The Source-to-Target Mapping Document

Before the ETL process flow can be designed (or enhanced), the detailed ETL transformation specifications for data extraction, transformation, and reconciliation have to be developed, given that they will dictate the process flow. A common way to document the ETL transformation specifications is in a source-to-target mapping document, which can be a matrix or a spreadsheet (Table 9.3).

The source-to-target mapping document should list all BI tables and columns and their data types and lengths. It should map the applicable source data elements to the columns , along with their data types and lengths, and it should show the source files and source databases from which the source data elements are being extracted. Finally, and most importantly, the document should specify the transformation logic for each column.

This document can then be used to create the actual programming specifications for the ETL developers or to create instructions (technical meta data) for the ETL tool.

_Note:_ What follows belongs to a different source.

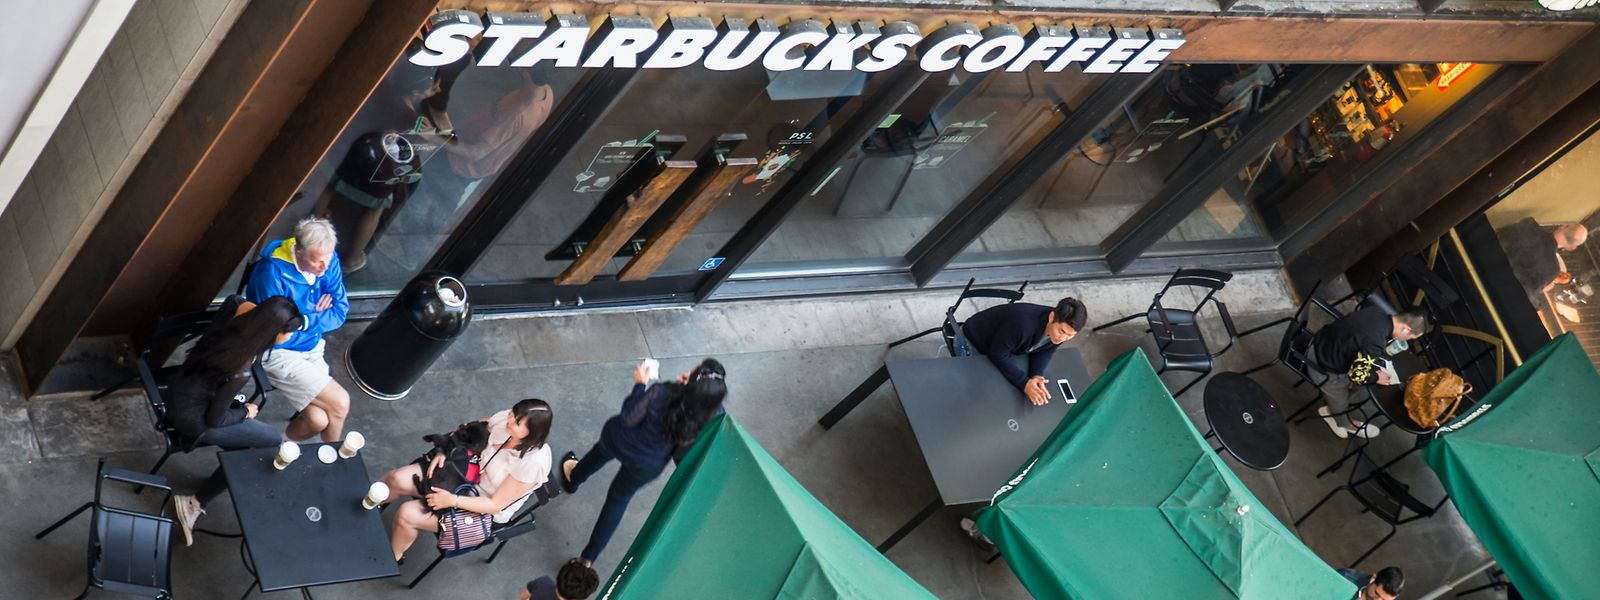 Wird Starbucks bald die kleinen Cafés in Italiens Städten verdrängen?
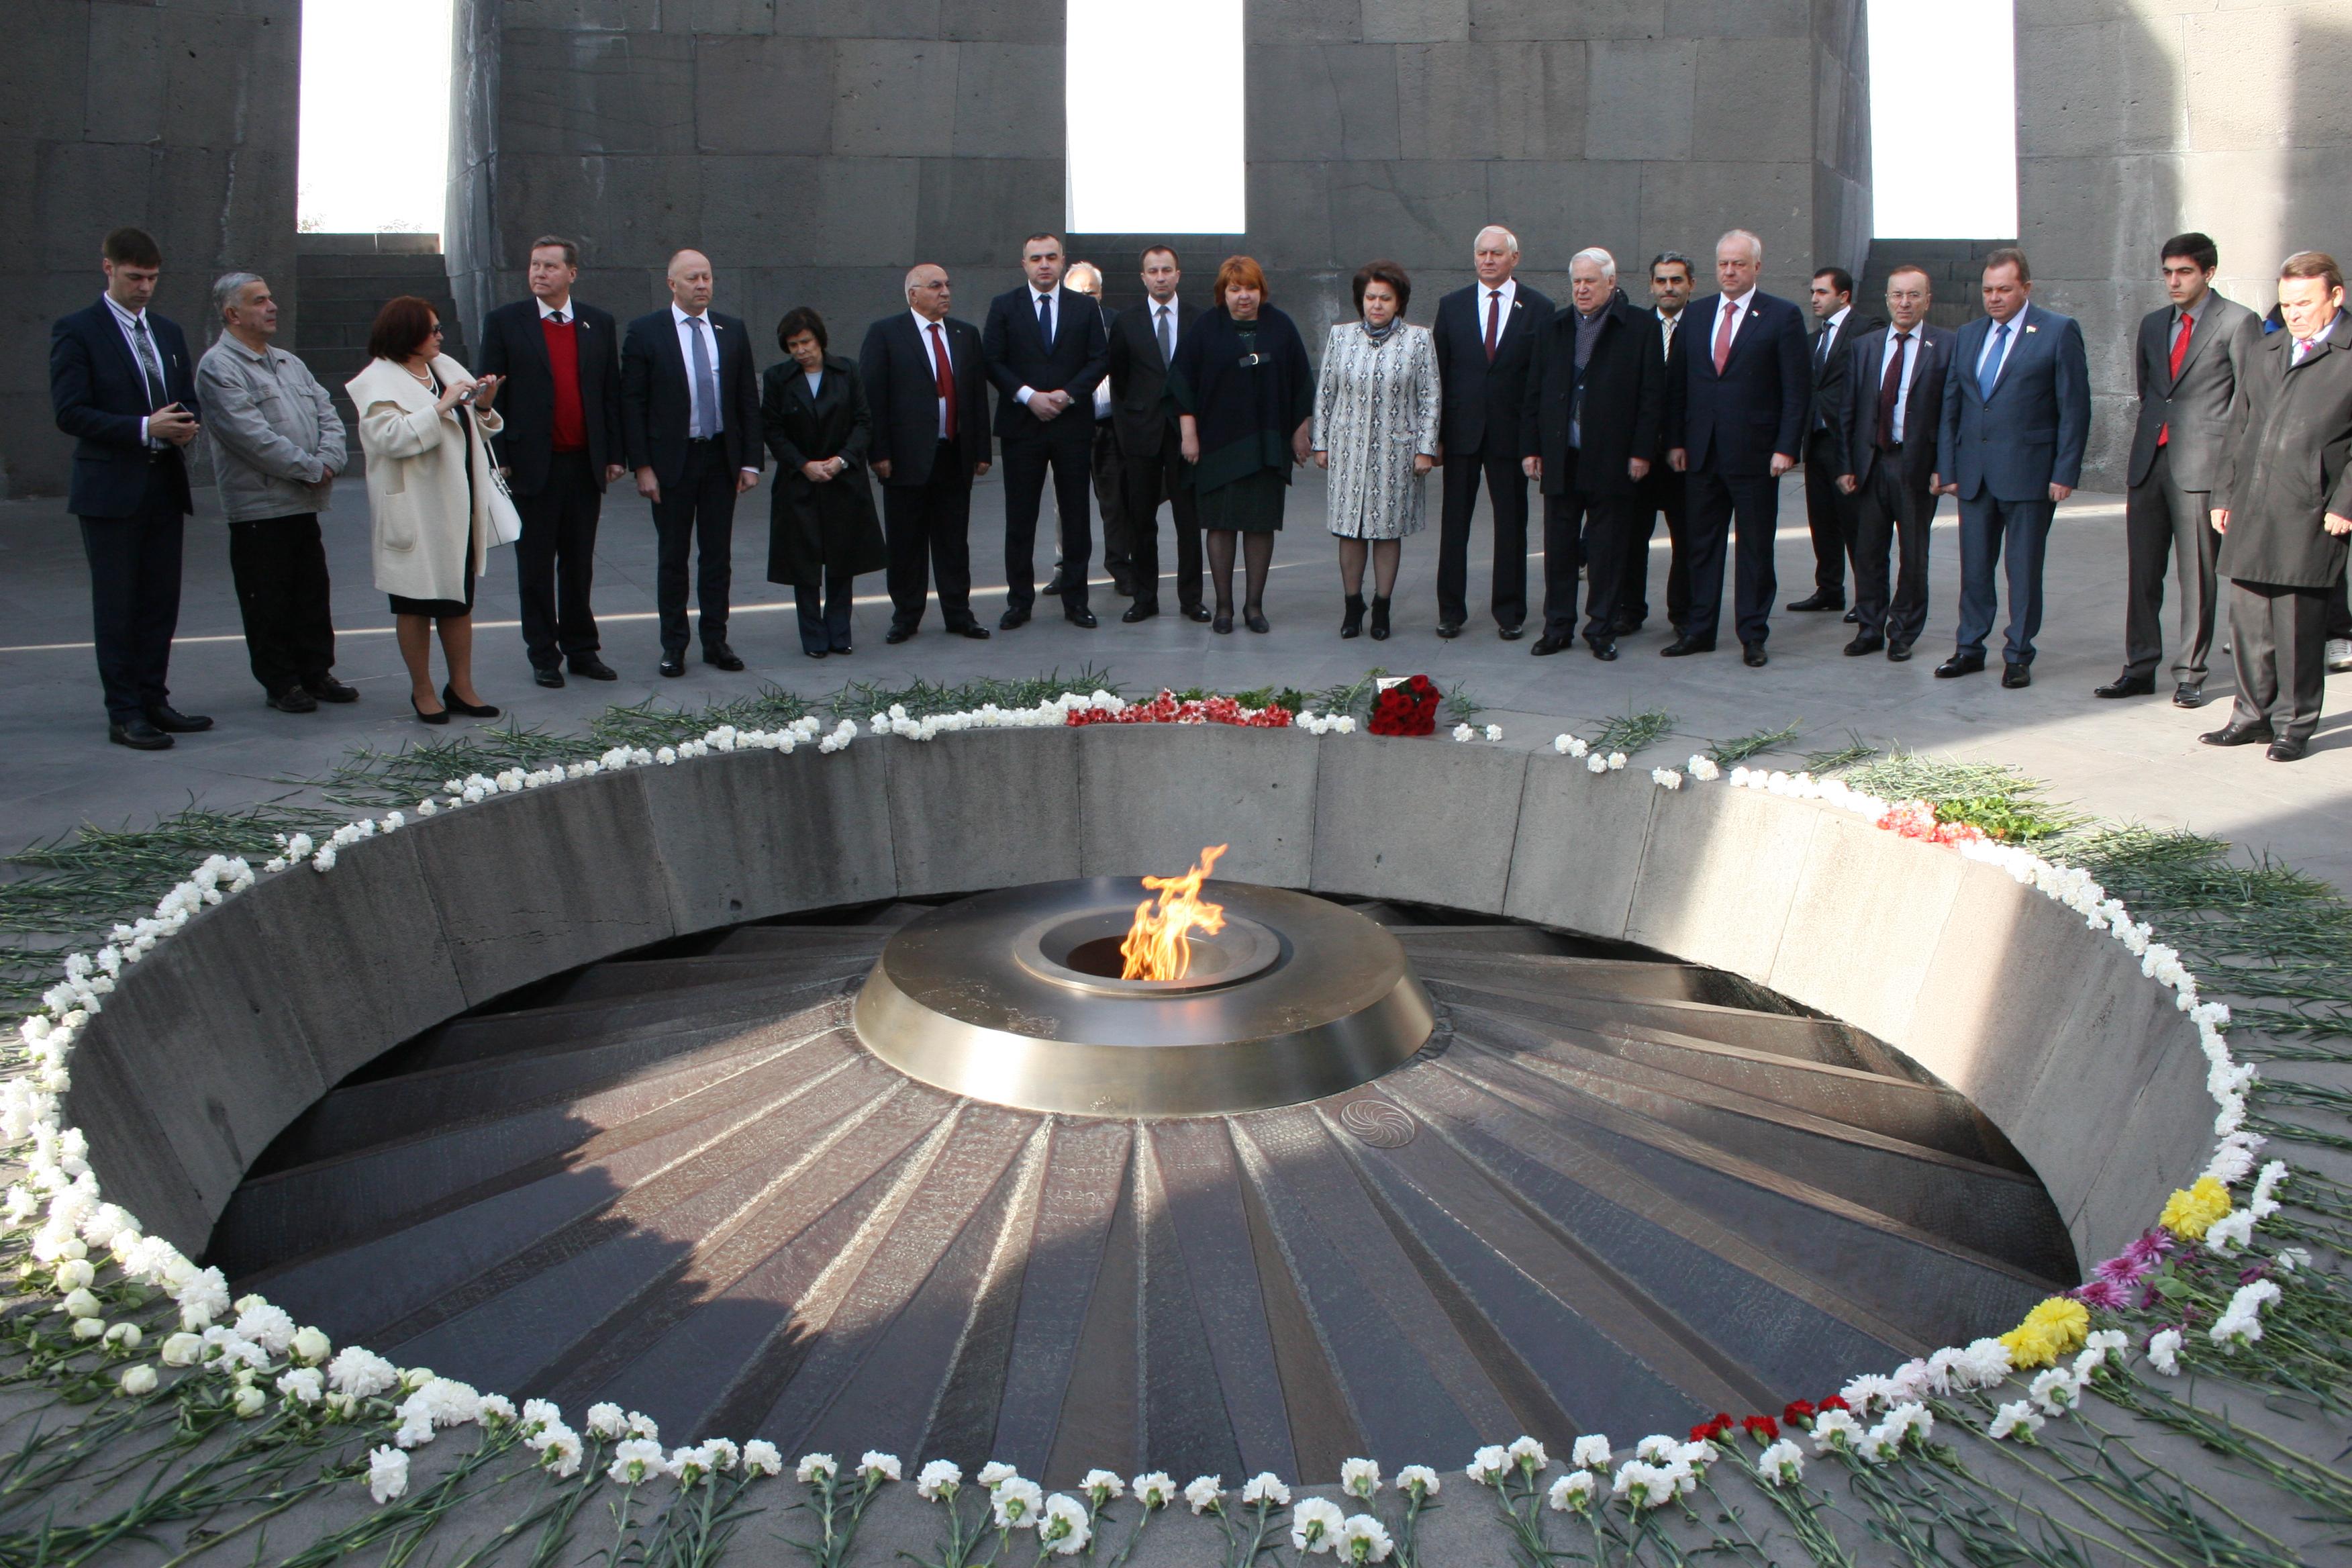 Рыжков: Пройдут века, но никогда не забудется Геноцид армян

The ETL Process Flow Diagram

Once the source-to-target mapping document has been completed, the ETL lead developer, with the help of the database administrator and the data quality analyst, must design the ETL process flow, as illustrated by the example in Figure 9.5.

Figure 9.5. Sample ETL Process Flow Diagram

graphics/09fig05.gif

The purpose for the ETL process flow diagram is to show the process dependencies between all extracts , sorting and merging utilities, transformations, temporary work files or tables, error-handling processes, reconciliation activities, and the load sequence. The ETL programs, or ETL tool modules, will have to run in this sequence.

Extracts: There may be operational interdependencies among several source files and source databases from which data is being extracted. These interdependencies have to be understood because they may affect the timing and the sequence of running the ETL extract programs.
Sorting and merging utilities: Almost every step requires the extracted data to be sorted in a particular fashion so that it can be merged before further processing can occur. Sorting can also greatly improve load performance.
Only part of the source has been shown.